The bottles appear in at least two variations, both originally with
paper labels. The most common has “Royal Purple” embossed around the
bottle just below the shoulder and a single letter on the base (Figure 5-75).
A second, illustrated by Hull-Walski and Ayres (1989:97), is embossed
“Royal Purple (arch) / F / GRAPE JUICE (inverted arch)” on the base.
Each example we have found had a distinctive Owens scar on the base,
indicating a manufacture by the Owens Automatic Bottle Machine.

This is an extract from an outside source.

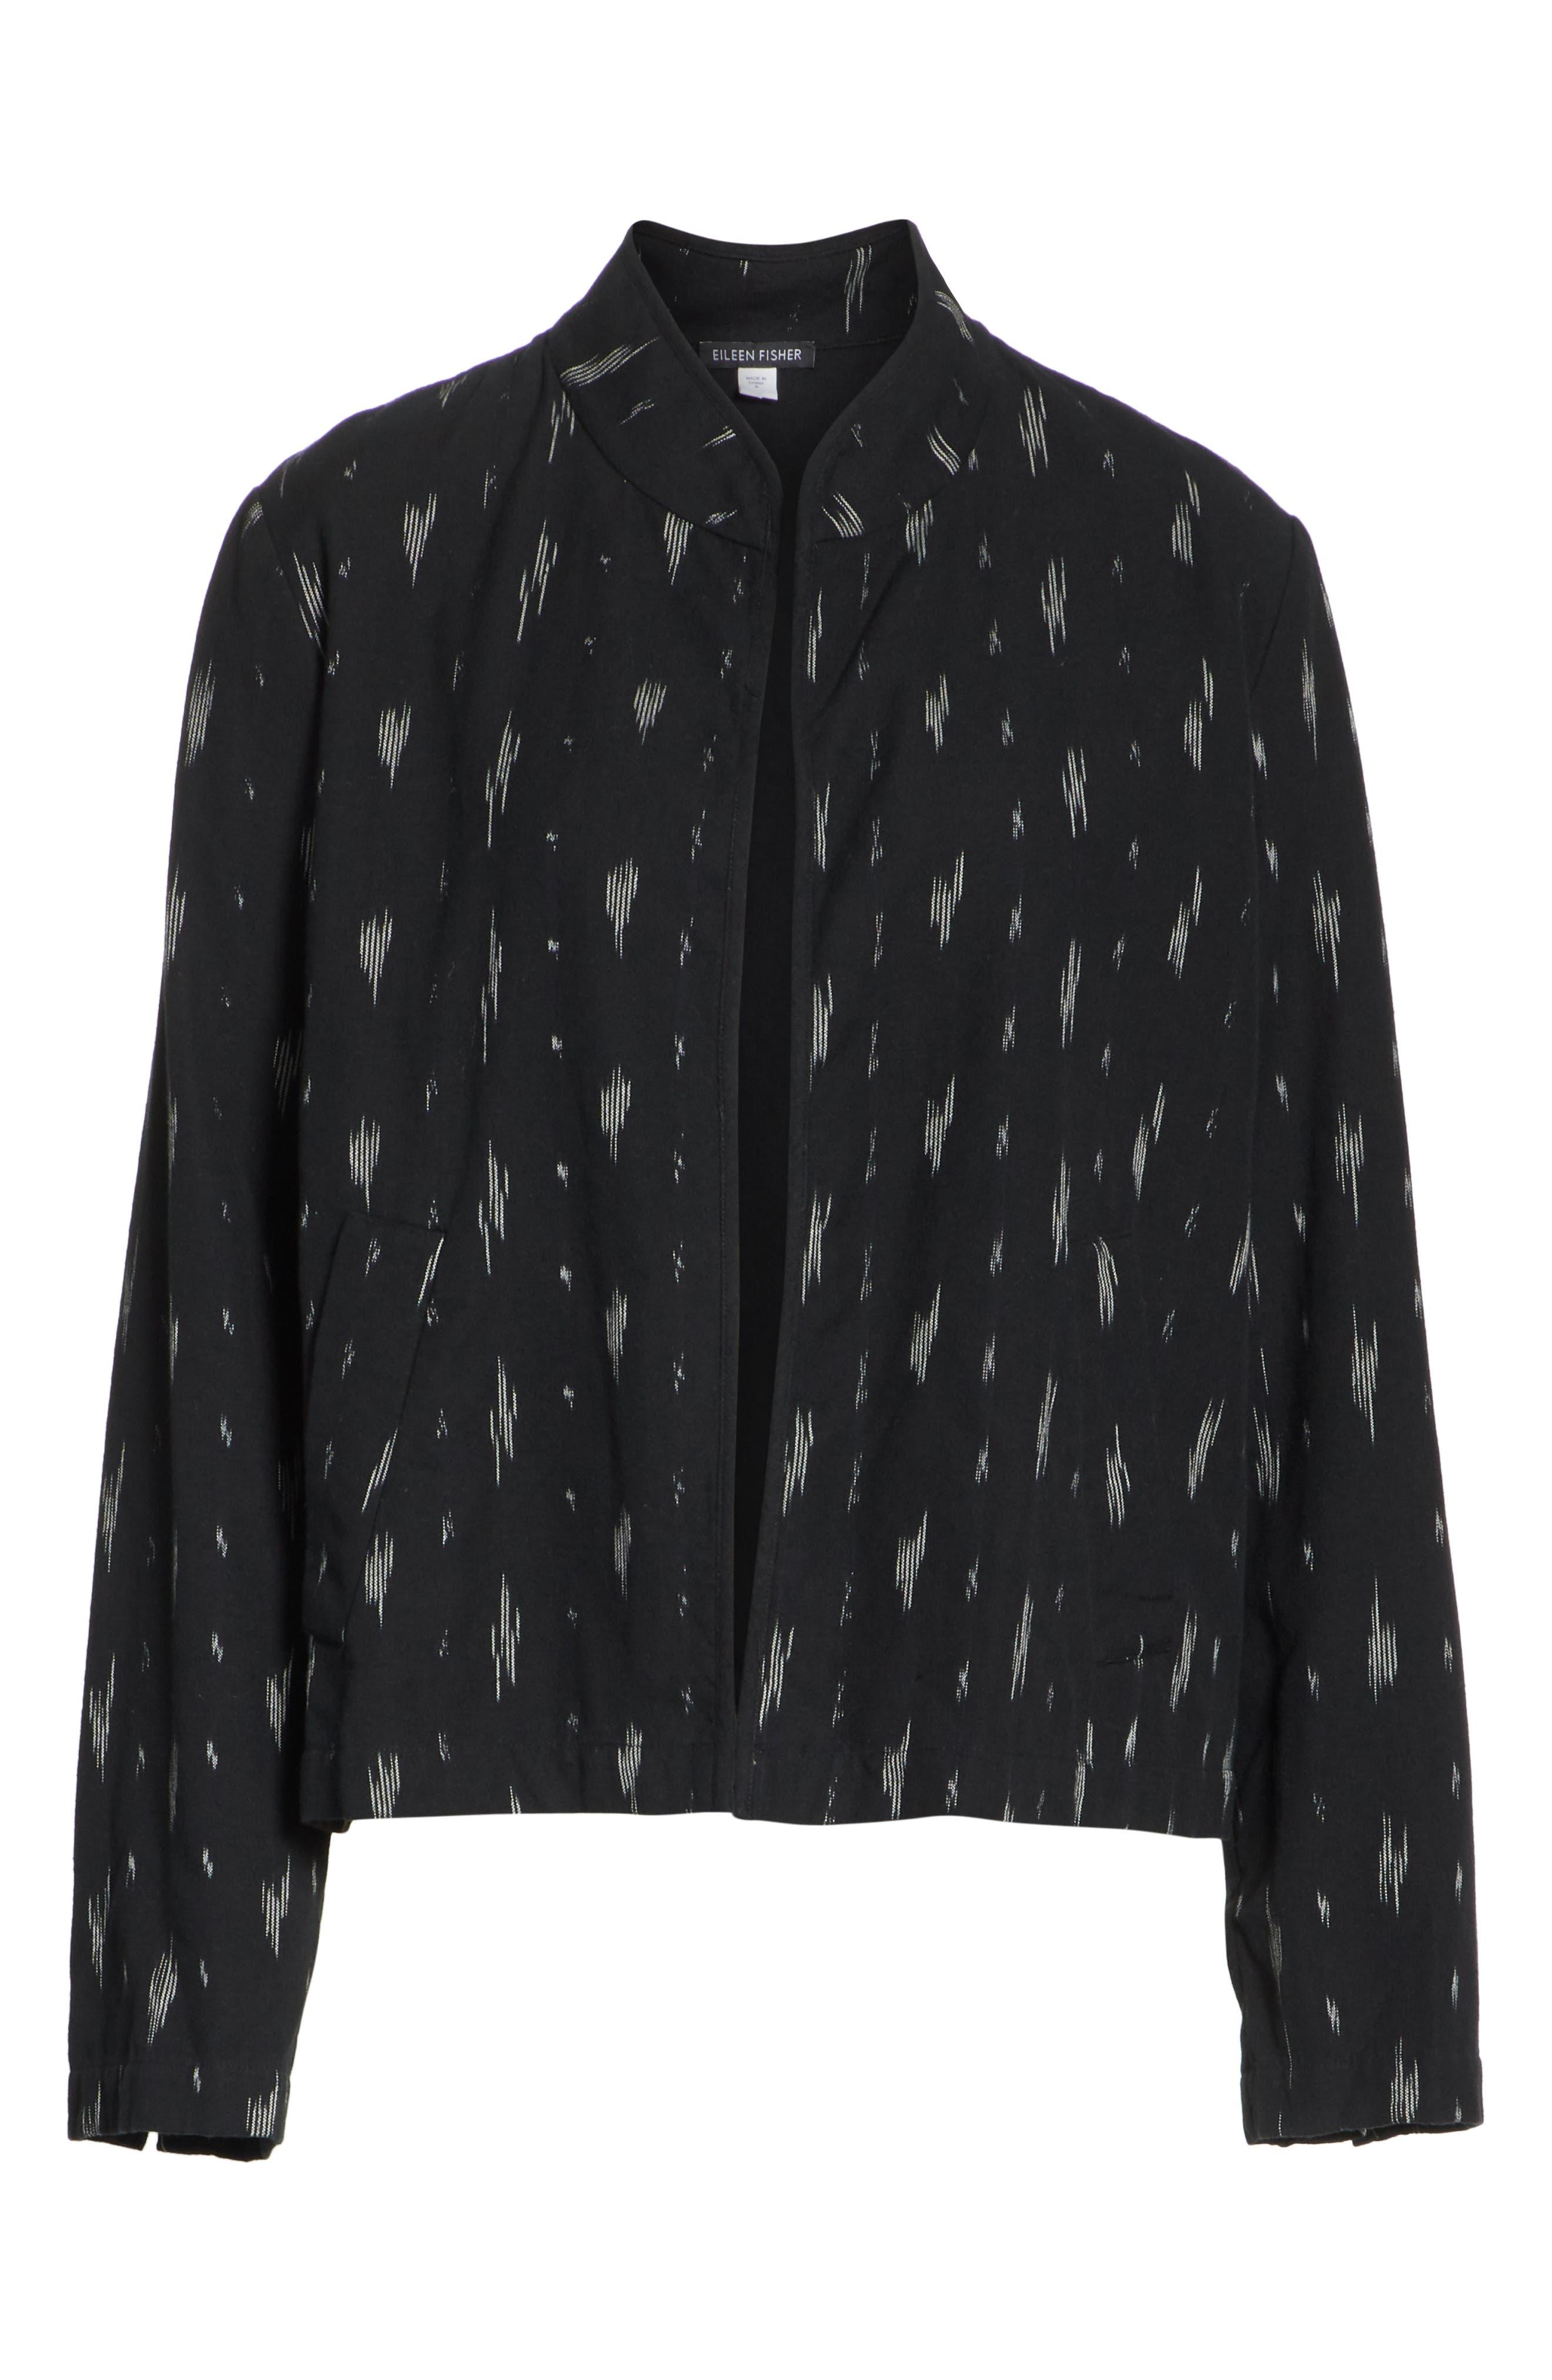 EILEEN FISHER,                             Organic Cotton Jacket,                             Alternate thumbnail 5, color,                             001
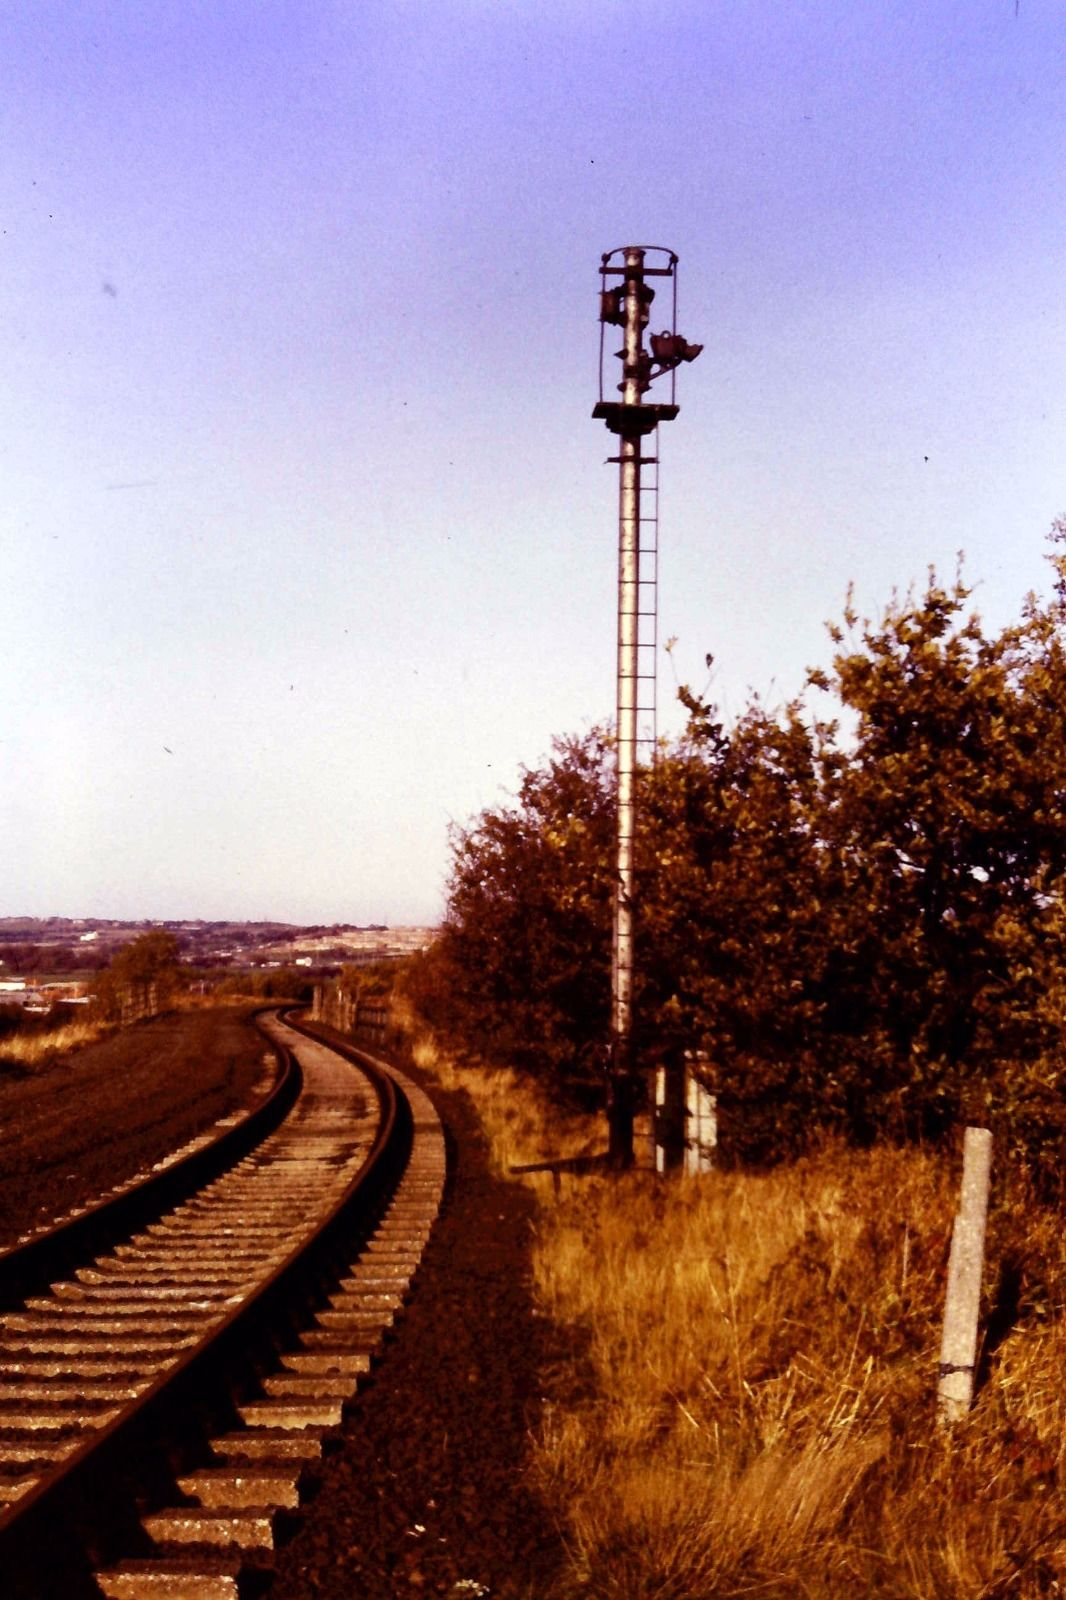 Signal post at Washington in October 1983. Photo copyright Colin Alexander

The
Owens Bottle Machine Co. retained the license to manufacture grape juice
bottles at the Toledo plant in 1909 (Lockhart et al. 2010; Miller &
McNichol 2000:7; Toulouse 1971:394). Thus, the timing (1915-1916) and
marking (Owens scar) indicate that the bottles could only have been made
by Owens.
Figure 5-74 – Royal Purple Ad,
1915 (MagazineArt.org 2009)
Figure 5-75 – Royal
Purple bottle (eBay)  
134  Here is the link with great vintage photos of Royal Purple items!  http://www.sha.org/bottle/pdffiles/EPChap5b.pdf


----------



## Robby Raccoon (Mar 13, 2016)

Now that is what I am talking about. Thank you very much.


----------



## CreekWalker (Mar 13, 2016)

J. Hungerford Smith sold Royal Purple in west Tn , by I haven't seen one in years.


----------



## CreekWalker (Mar 18, 2016)

Shame we can't find more intact labels, but finding the old ads with period photos or drawings, for those products , give us an good idea of what they looked like.


----------



## Robby Raccoon (Mar 18, 2016)

I'm beginning to specialise in paper-labels (just added a few yesterday) and my town, so maybe one day I'll pick one up. 

Thanks for all your help.


----------